>>>
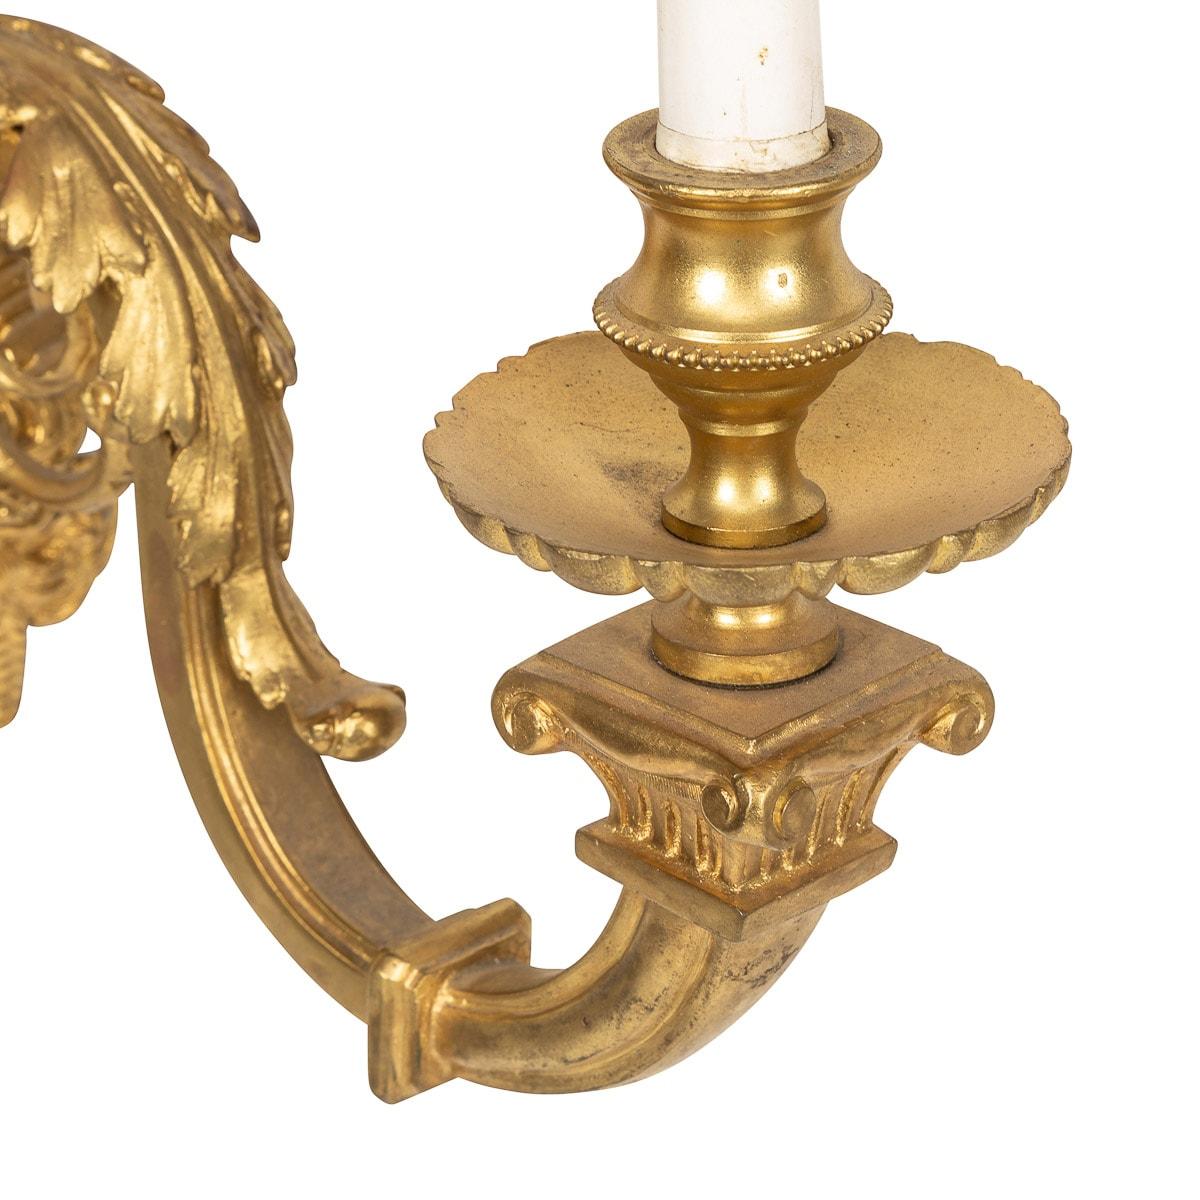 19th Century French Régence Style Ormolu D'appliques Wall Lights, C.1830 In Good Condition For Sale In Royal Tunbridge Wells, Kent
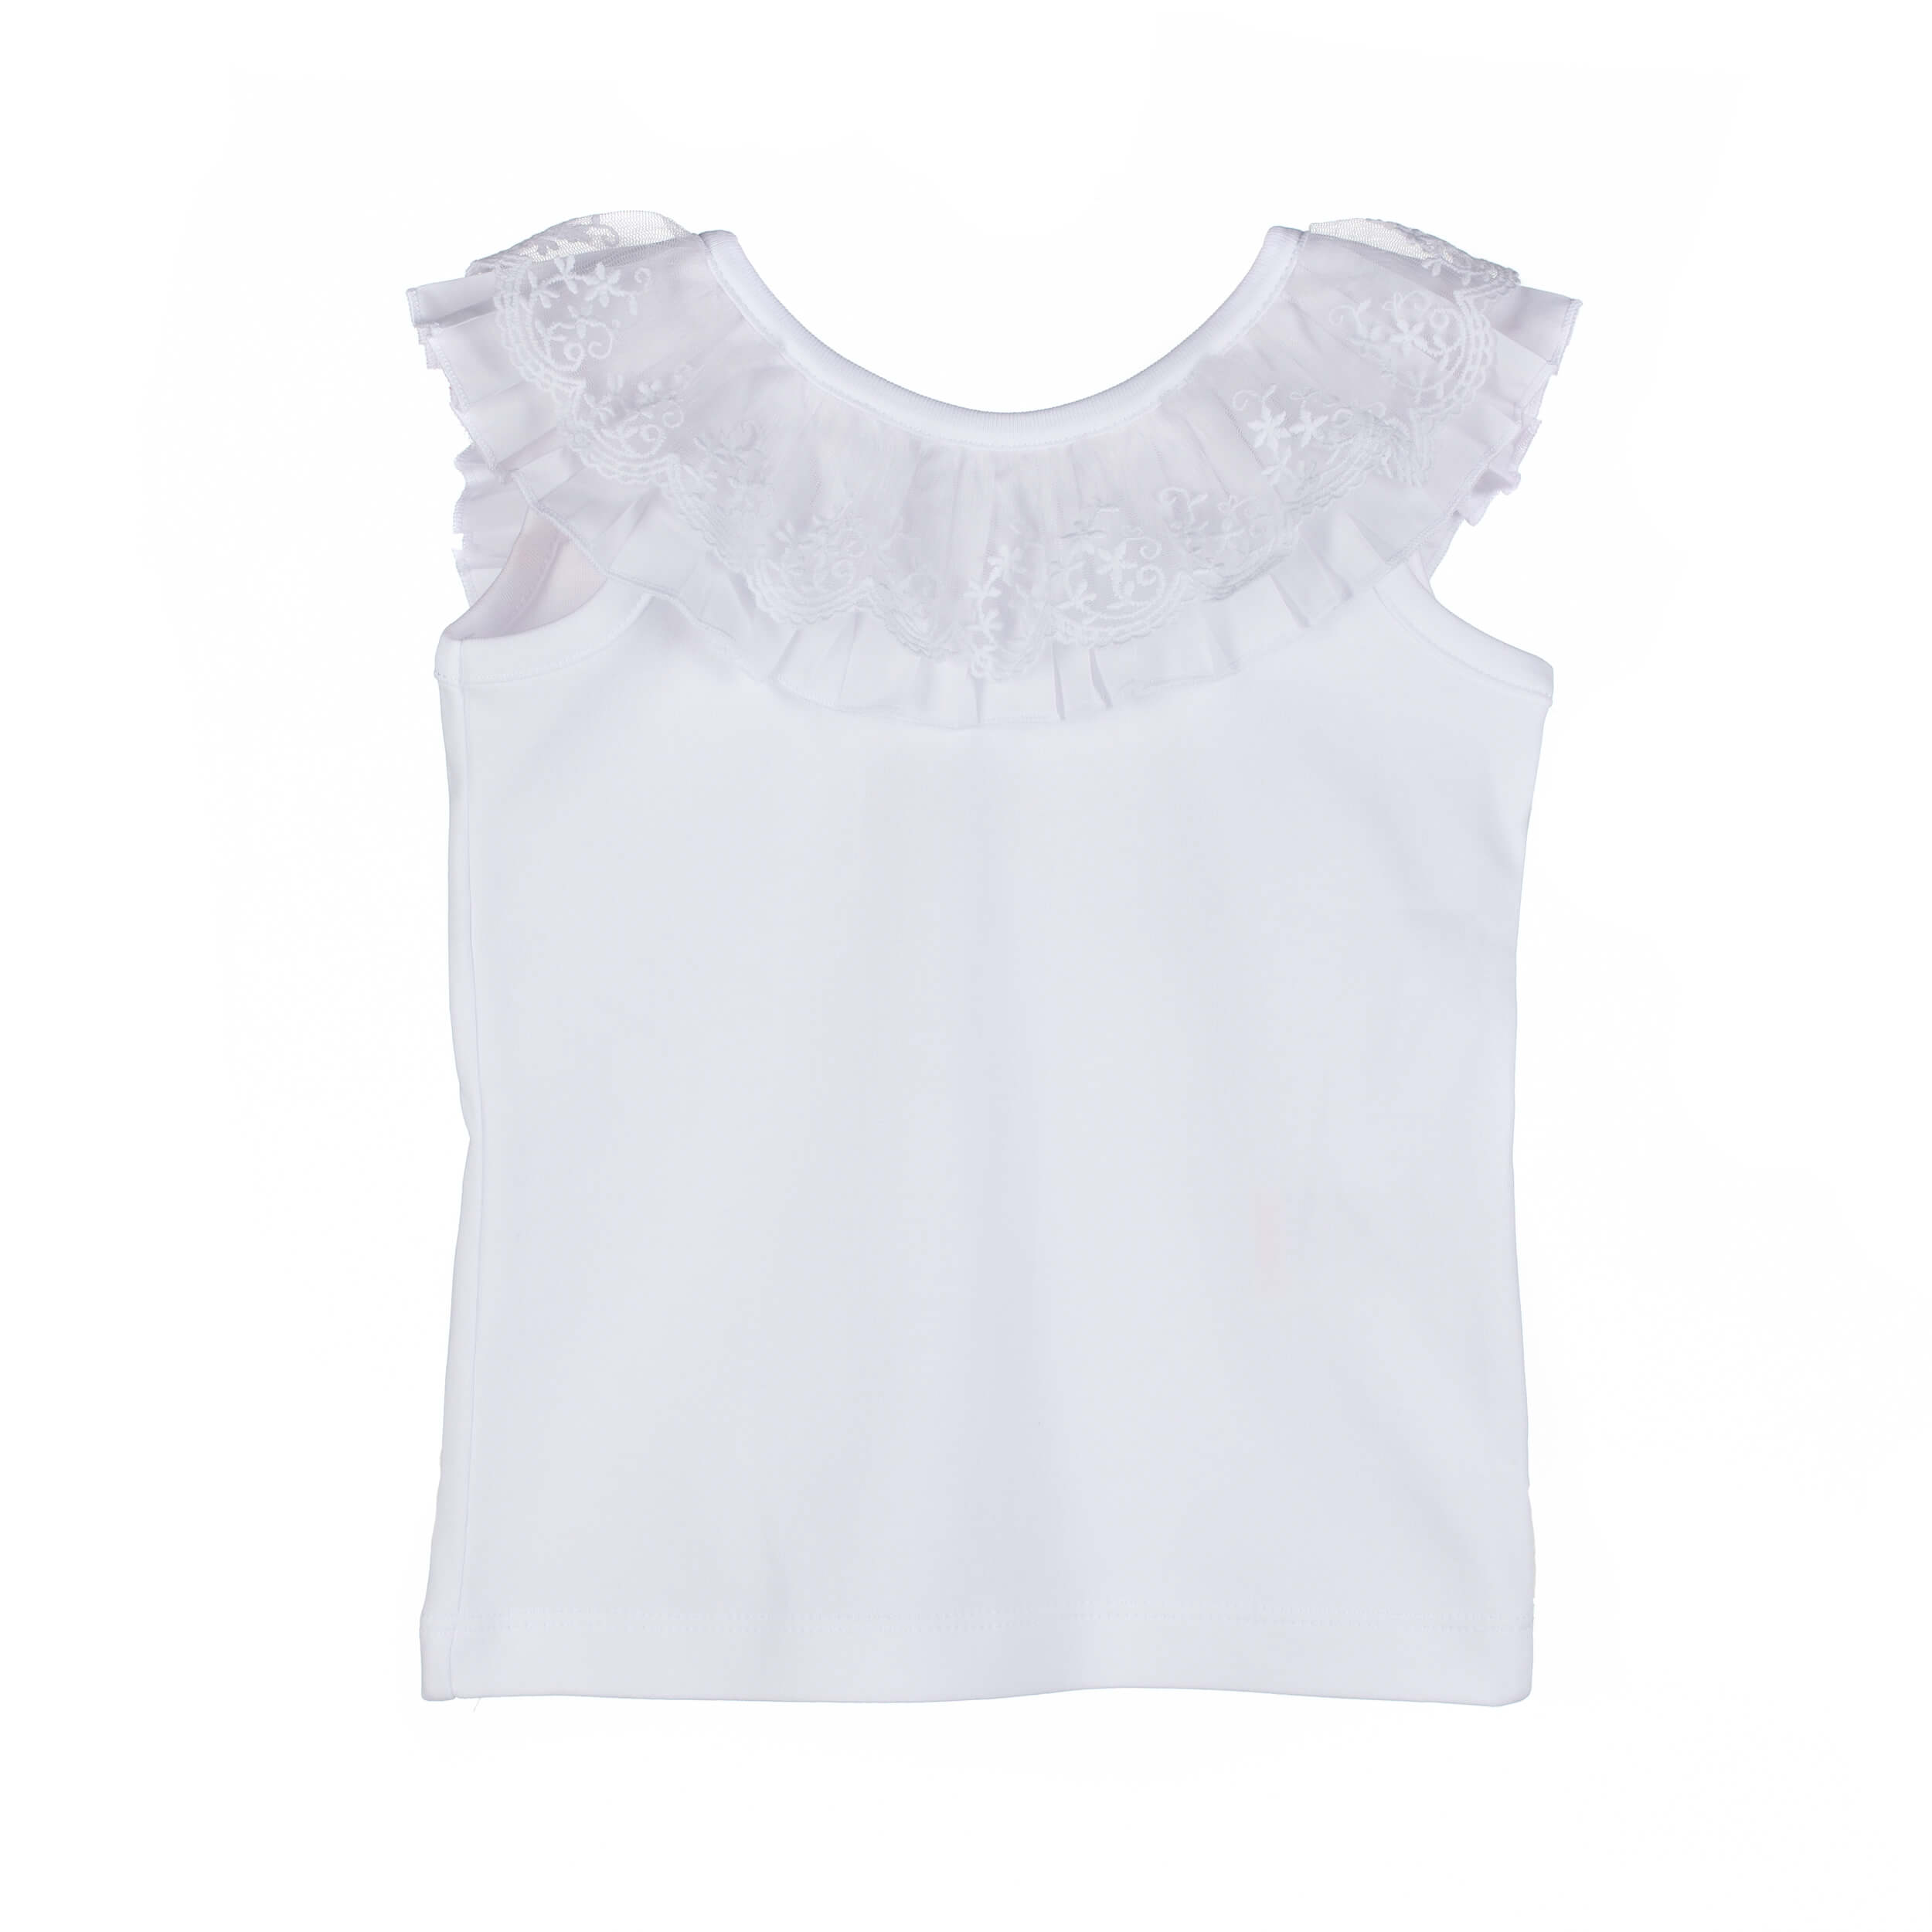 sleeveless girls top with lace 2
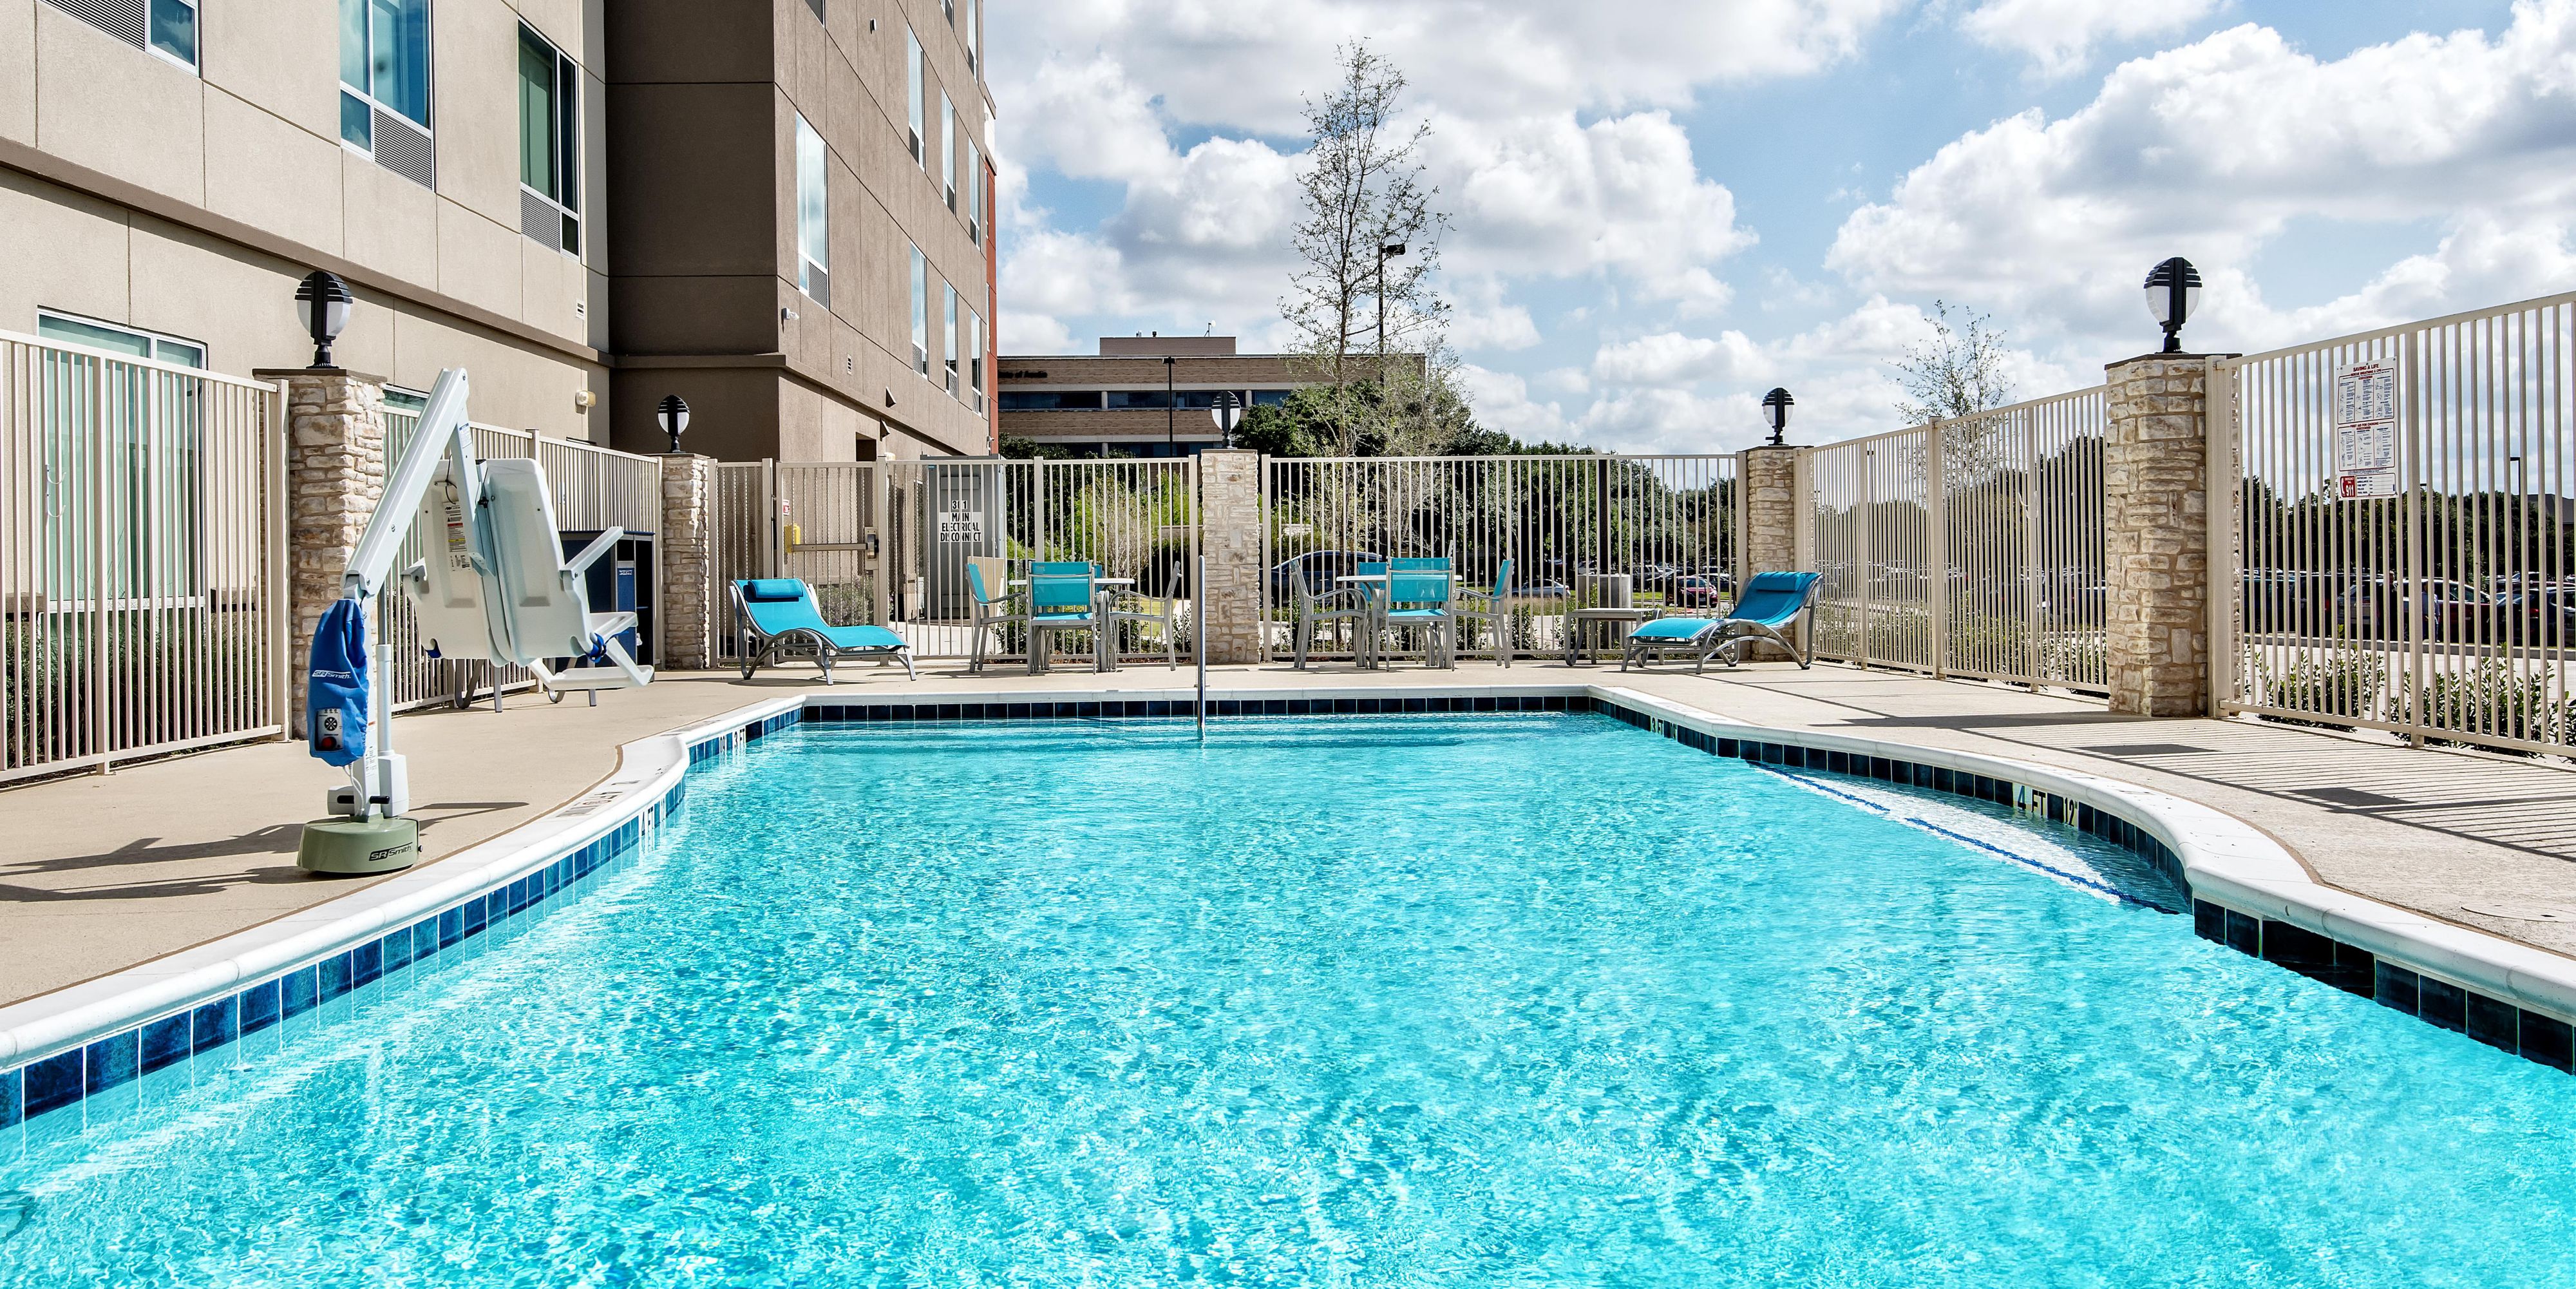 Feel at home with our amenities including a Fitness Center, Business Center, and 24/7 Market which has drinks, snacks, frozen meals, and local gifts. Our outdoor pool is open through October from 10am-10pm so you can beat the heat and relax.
<<<
Exact copy, no pictures: reproduce the whole listing above.

• [EXERCISE RESPONSE]
 19th Century French Régence Style Ormolu D'appliques Wall Lights, C.1830 In Good Condition For Sale In Royal Tunbridge Wells, Kent
 sleeveless girls top with lace 2
 Feel at home with our amenities including a Fitness Center, Business Center, and 24/7 Market which has drinks, snacks, frozen meals, and local gifts. Our outdoor pool is open through October from 10am-10pm so you can beat the heat and relax.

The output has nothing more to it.